Beaver Falls, Pennsylvania; United States;
- Broadcast area: Geneva College
- Frequency: 88.3 MHz

Programming
- Format: Defunct

Ownership
- Owner: Geneva College

History
- First air date: 1965

Technical information
- Facility ID: 23619
- Class: D
- ERP: 15 watts
- HAAT: 81 meters
- Transmitter coordinates: 40°46′21″N 80°18′33″W﻿ / ﻿40.77250°N 80.30917°W

= WGEV =

WGEV was a college radio station that was owned by Geneva College in Beaver Falls, Pennsylvania. The station began broadcasting on November 15, 1965 at 12:30 pm.

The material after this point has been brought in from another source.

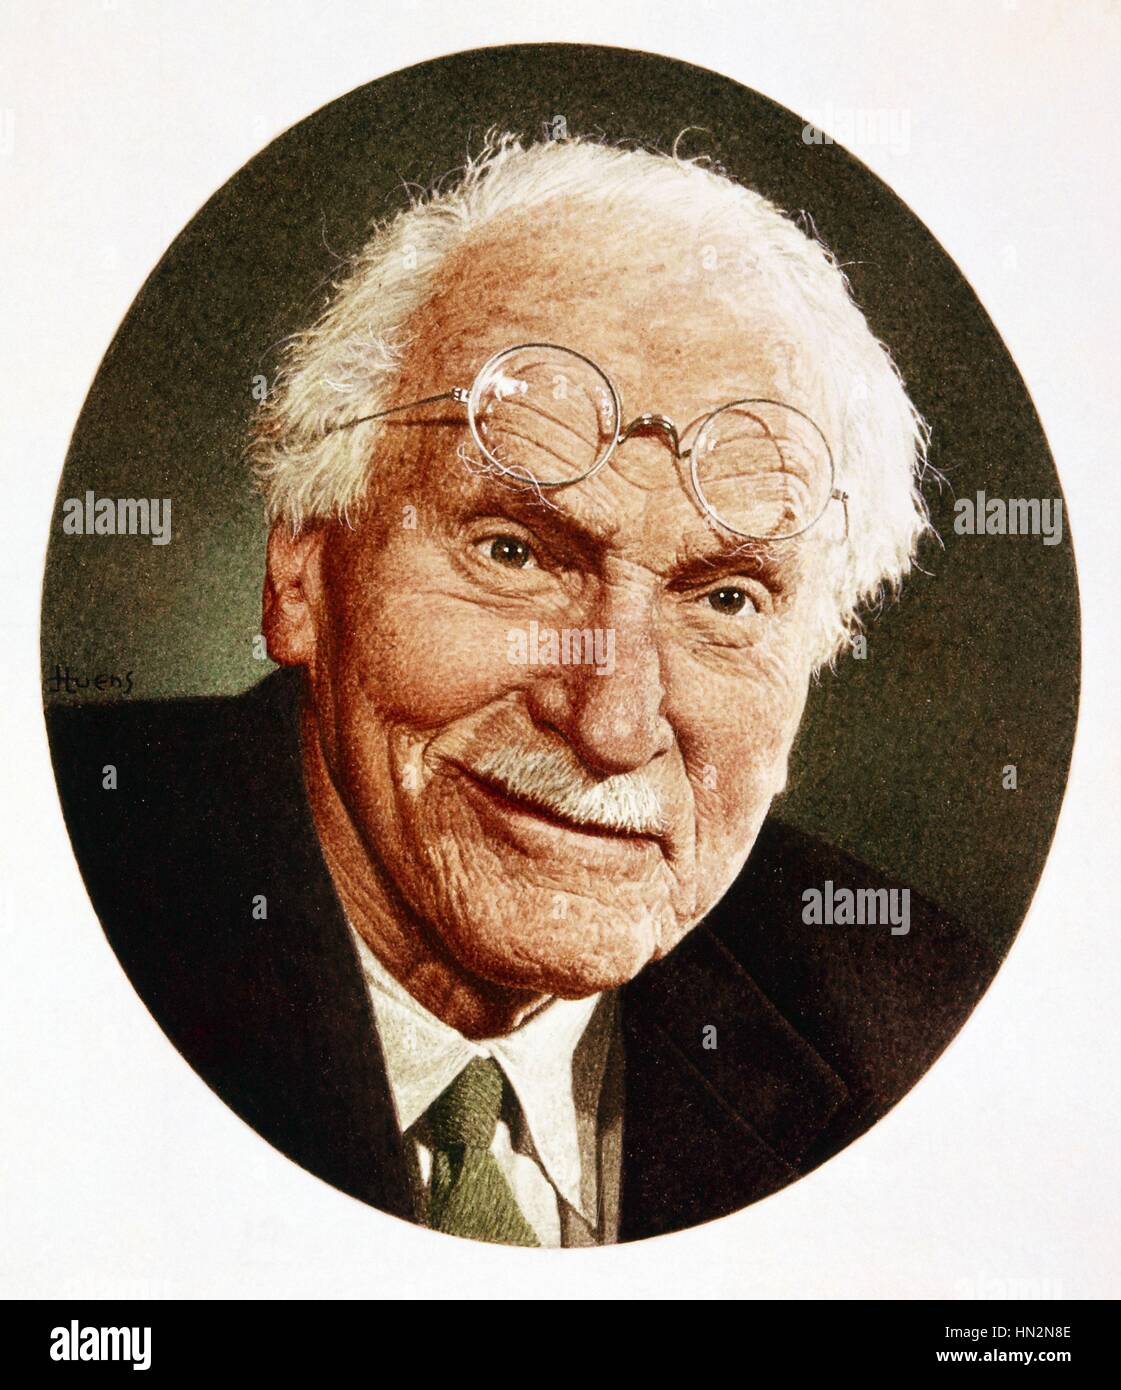 Retrato del psiquiatra y psicólogo suizo Carl Gustav Jung (1875-1961) siglo xx Foto de stock

The station used to broadcast on 88.3 FM, but its license was canceled in September 2007. A class D station, WGEV applied for a power upgrade and move to class A status in 1989 but that move was rejected in July 1989 as it would have caused significant interference with the broadcast signal of WYSU in Youngstown, Ohio.

==Awards and honors==
In 1995, WGEV was a finalist in the "creative production" category of the Marconi College Radio Awards. The station was honored for the program "Gospel Galaxy", a science fiction tale about the crew of a Christian starship whose mission is to spread the Gospel through music.

==WGEV today==
WGEV moved operations to internet radio, but ceased operations in December 2013.